A one-step strategy for ultra-fast and low-cost mass production of plastic membrane microfluidic chi
Chong Hu, Sheng Lin, Wanbo Li, Han Sun, Yangfan Chen, Chiu-Wing Chan, Chung-Hang Leung, Ma Dik-Lung*, Hongkai Wu* and Kangning Ren*, A One-Step Strategy for Ultra-Fast and Low Cost Mass Production of Plastic Membrane Microfluidic Chips, Lab Chip, 2016, 16, 3909-3918. (featured as journal front outside cover)
This paper was recently published on Lab Chip and selected as the cover page story.
While paper-based microfluidics has made nice progress in applications with open-channel designs, the cost of device production and supporting apparatuses has still been a major hurdle to the commercial implementation of sealed-channel microfluidic technologies. In this work, we developed an ultra-fast and cost-effective method for fabricating flexible microfluidic chips with plastic membranes. The mechanism of the method is different from previous methods for microfabricating plastics, e.g., hot embossing or thermal forming. With this method, we could fabricate plastic microfluidic chips very rapidly (within 12 sec/ piece) at an extremely low cost (less than 0.01$/ piece).
In this article, we explained why the method could achieve such performance and why our method is novel. In general, two key points made the method possible: (1) a unique strategy to create microchannels and bond the channel roofs in a single step; (2) a stamp made in Teflon, prepared using our published method. The production is a green process with neither chemical reaction nor solvent involved.
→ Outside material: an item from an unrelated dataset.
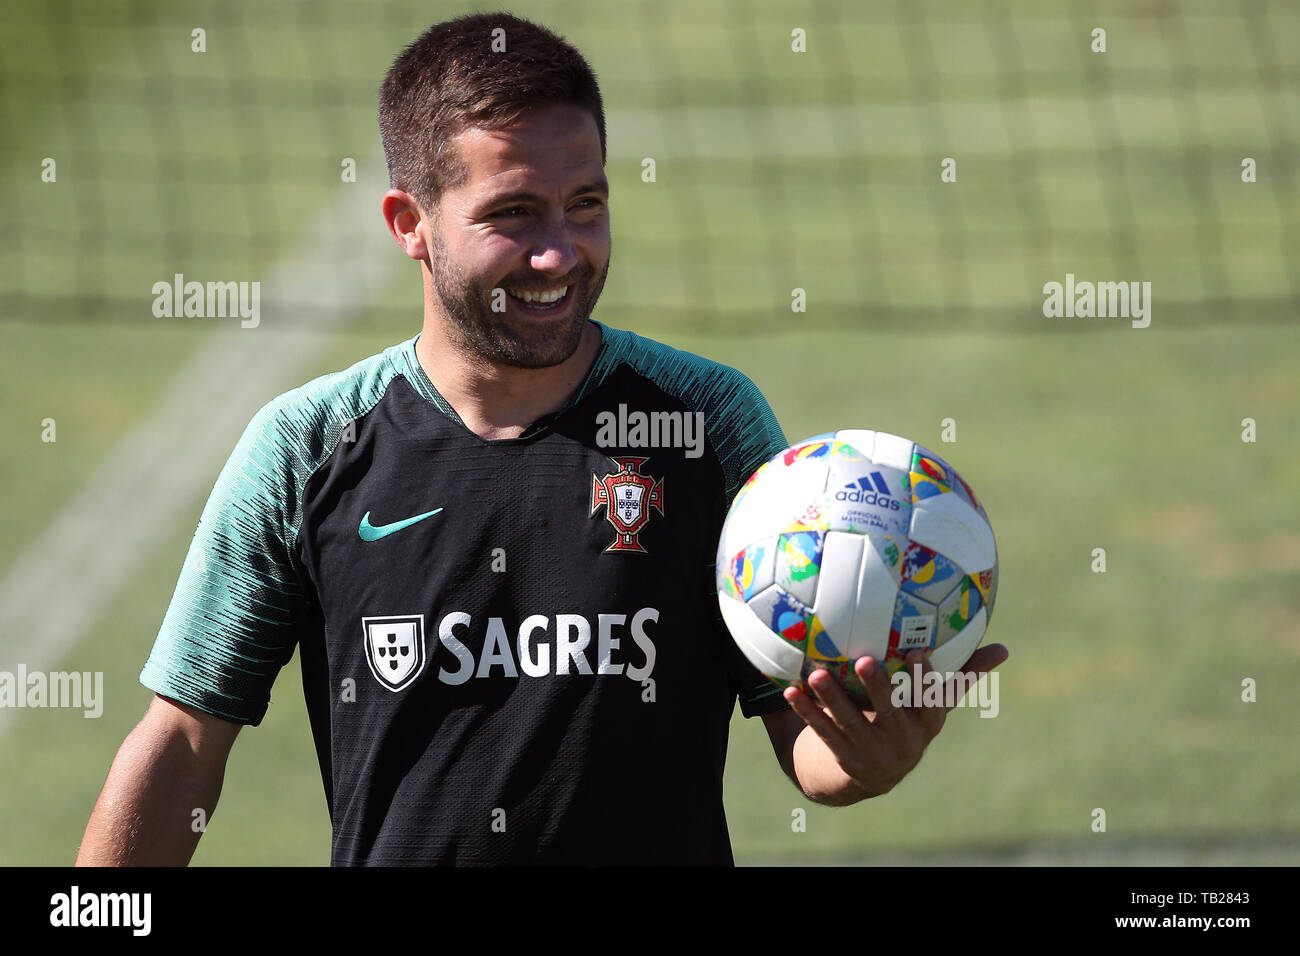 Oeiras. 29th May, 2019. Portugal's Joao Moutinho attends a training session in Oeiras, Portugal, May 29, 2019, as part of preparations for the final stage of the UEFA Nations League. Credit: Pedro Fiuza/Xinhua/Alamy Live News Stock Photo

The produced chips could realize normal microfluidic functions such as valving, droplets generation, electrophoretic separation; they also offer additional functions such as on-chip peristaltic pumping and controlled delivery of desired volume of liquid, without the need of external pumps or compressed air. These plastic membrane chips are more resistant to the evaporation of solvents and fouling of small molecules as compared to PDMS chips. While the fabrication scheme would be inspiring for the fields of microfabrication and functional materials, this method holds great potential in promoting the commercial implementation of microfluidic systems.